By now the day was getting on. It was about 3.30 by the time we left the restaurant and we had to be back on Lopud to catch the 18.10 ferry. So we paddled across to Ruda, a small uninhabited island (mini mountain) just across from Sipan, paddled into a large sea cave with a huge hole in its roof, and then straight back across to Lopud. The weather was deteriorating by now. The channel betweeen Lopud and Sipan tends to be choppy but the wind was picking up and it remained choppy all the way in to the beach. It was a bit of a struggle. I didn’t see it myself but apparently our guide towed one of the doubles back the last bit. I knew they’d fallen behind and I knew towing was a possibility but every time I looked back, they weren’t being towed so I have no idea when it happened, especially as our guide was also towing an empty kayak from the cycling group. No idea what happened there either. We came across their guide trying to tie up three empty kayaks on a beach on Sipan, so ours helped out by taking one of us them with us. Where did the people go? We saw them coming back later, when we were all on Lopud, and they were carrying their kayaks into the base, so there goes my working theory that they took the boat home directly from Sipan.

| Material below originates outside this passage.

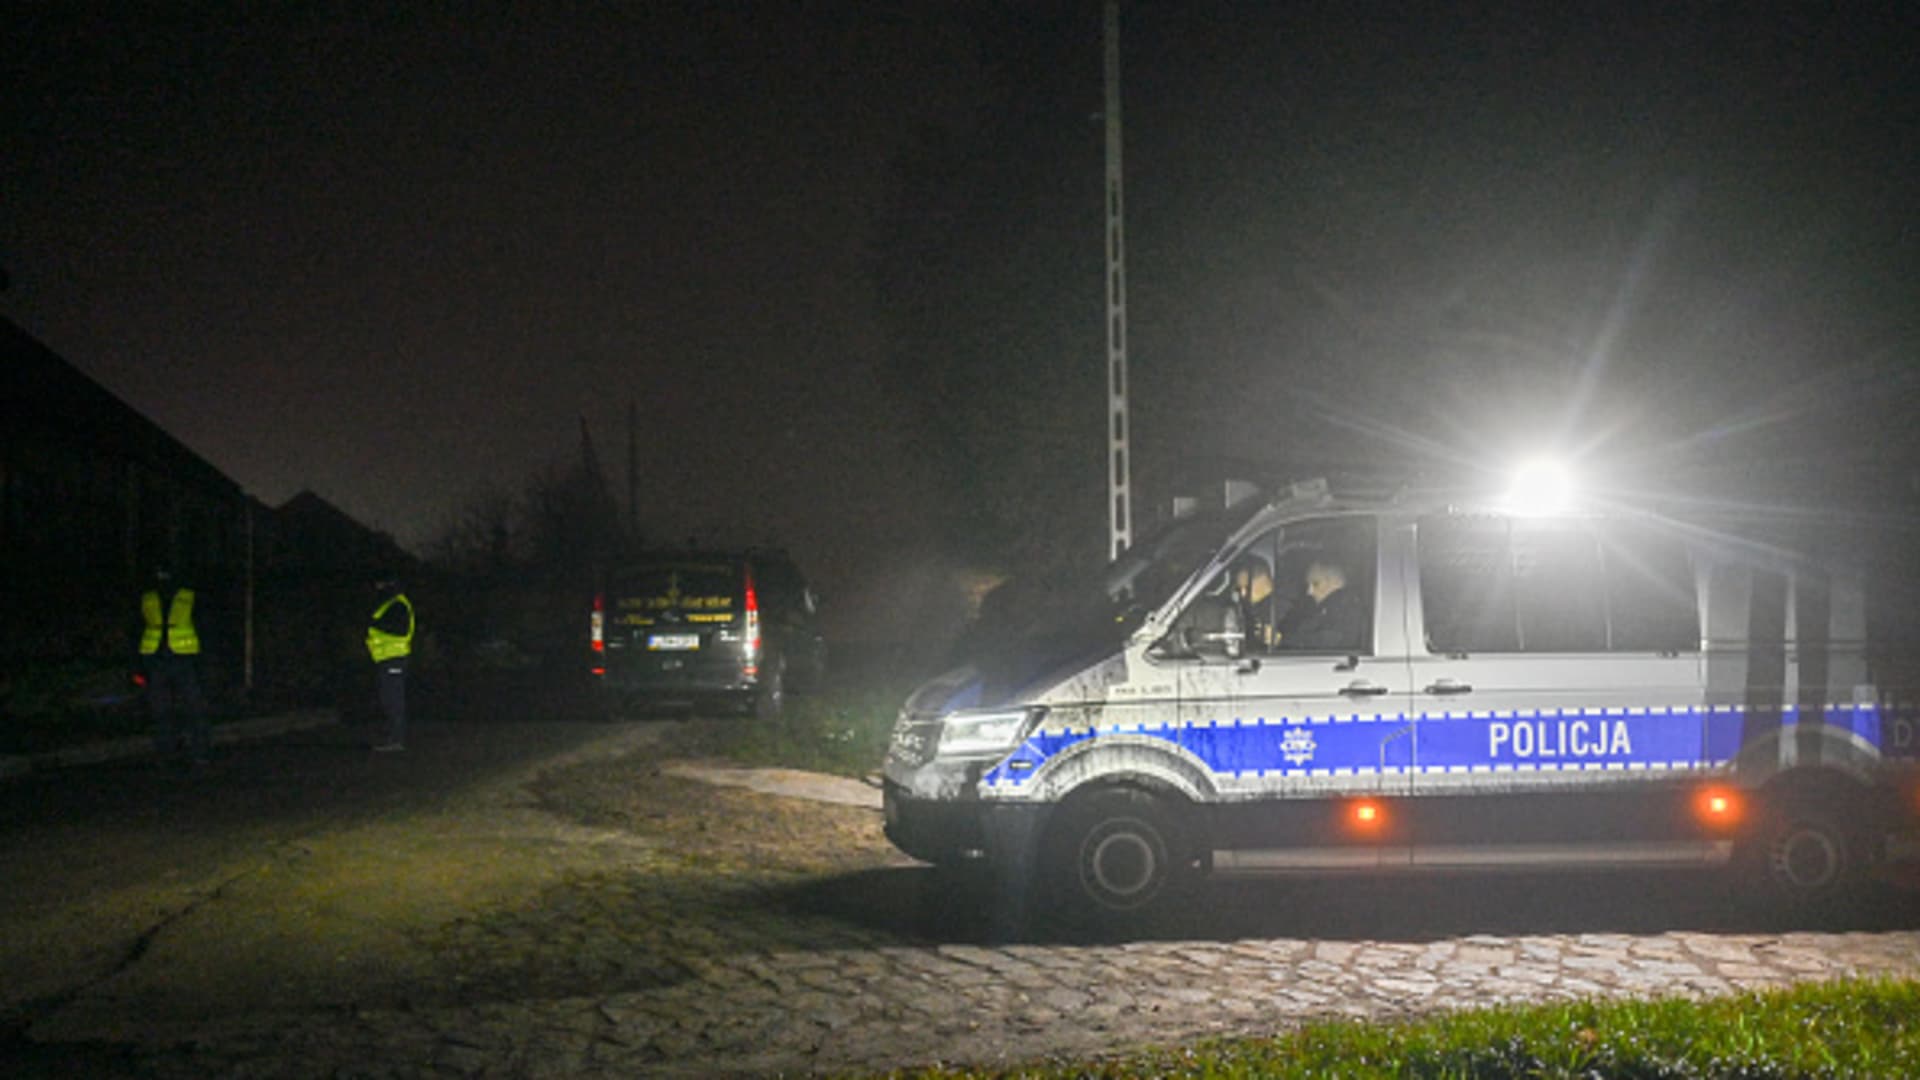 Police run a check point outside the scene in Przewodow, Poland, where authorities in Warsaw say a Russian-made missile struck its territory, killing two civilians.

Anyway, we got back with an hour to spare, and that was after we’d brought the boats in and got dressed. I went and got another cold drink and some chocolate and sat on a bench to do nothing in particular. By the time we got on the ferry, it was cold and windy and I began to wish I’d brough my hoodie with me after all. It had seemed unimaginable that I could want it when I set out in the morning and I hadn’t wanted it at 11pm the night before. But actually, the wind was blowing across from the Elafite Islands and as soon as the ferry turned parallel to the coast, the wind dropped and it was quite pleasant.

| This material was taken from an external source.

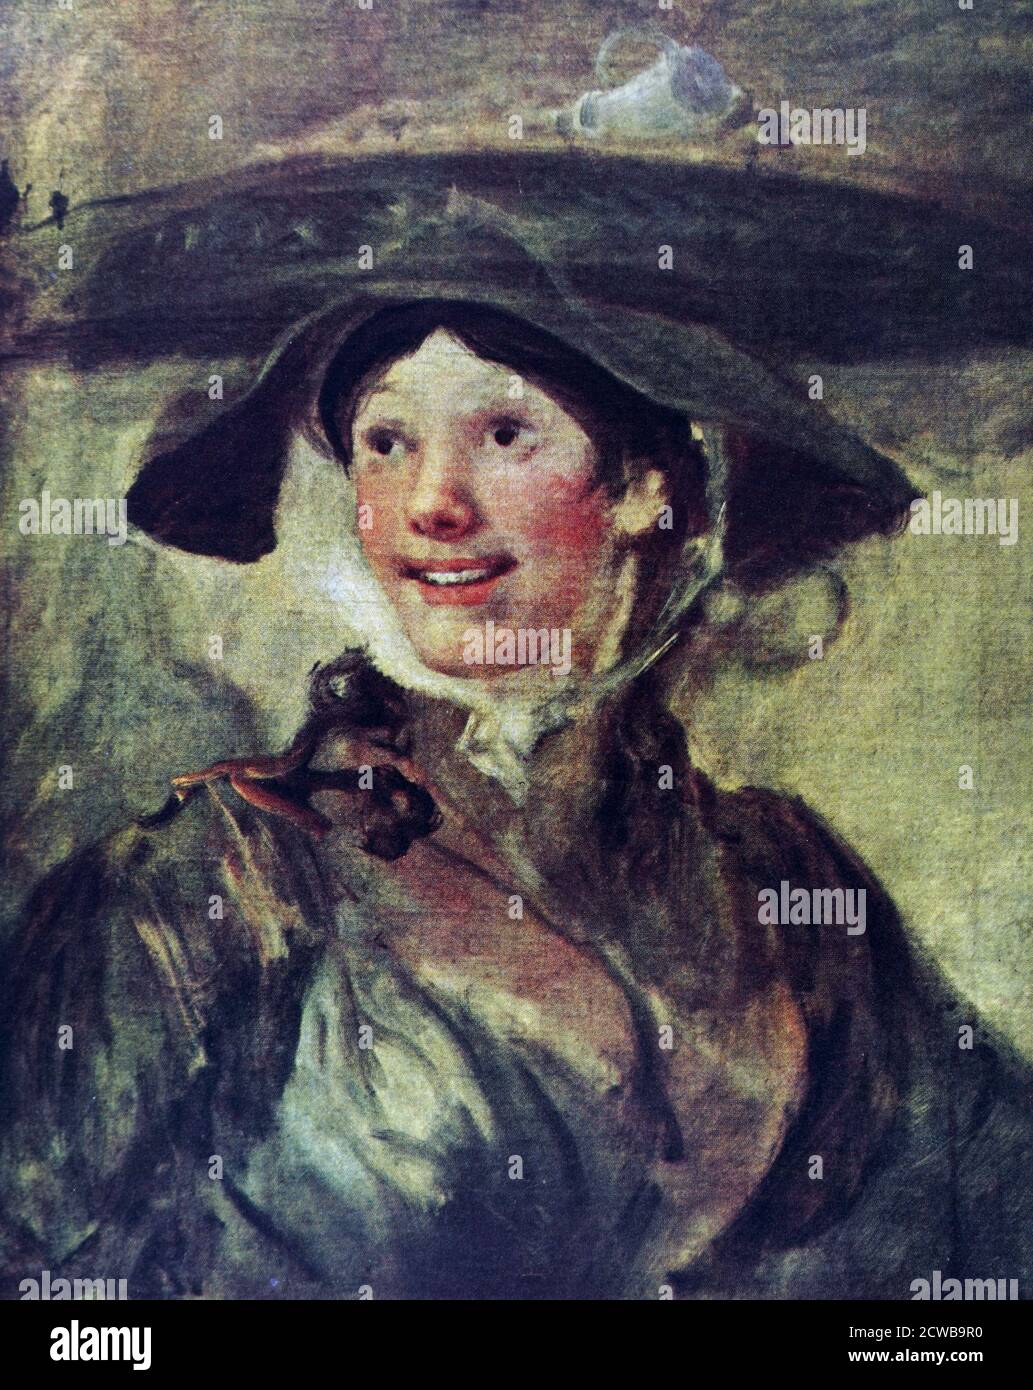 Painting titled 'The Shrimp Girl' by William Hogarth (1697-1764) an English painter, printmaker, pictorial satirist, social critic, and editorial cartoonist Stock Photo

I made a stop at the big supermarket on the port (where I had to leave my backpack in the lockers!) because everything is closed in Dubrovnik on Sundays. Need enough food to get through to Monday. Then I came home, ate toast, had a bath and went to bed. At 11pm almost on the dot, a massive thunderstorm started. One rumble was so loud it had to be directly overhead but the next rumble turned into an enormous bang. The building had to be hit. Some building had to be hit, anyway. I went out on the balcony and looked but there was no sign of anything. I can only assume maybe someone was so startled by either the thunder or the lightning that they crashed their car into something? But I saw no sign of that either. Both BBC Weather and the Met Office were predicting at least 24 hours of thunder and lightning by that point and one of them was saying it would go on until at least Friday but this morning, it’s back to just rain and cloud and actually, although the sky is fairly white rather than blue today, it seems nice enough. Which is why I’m still sitting inside with all the doors and shutters open appreciating a cold breeze. I’m being lazy today. It’s been a long and busy couple of days and I’m on holiday.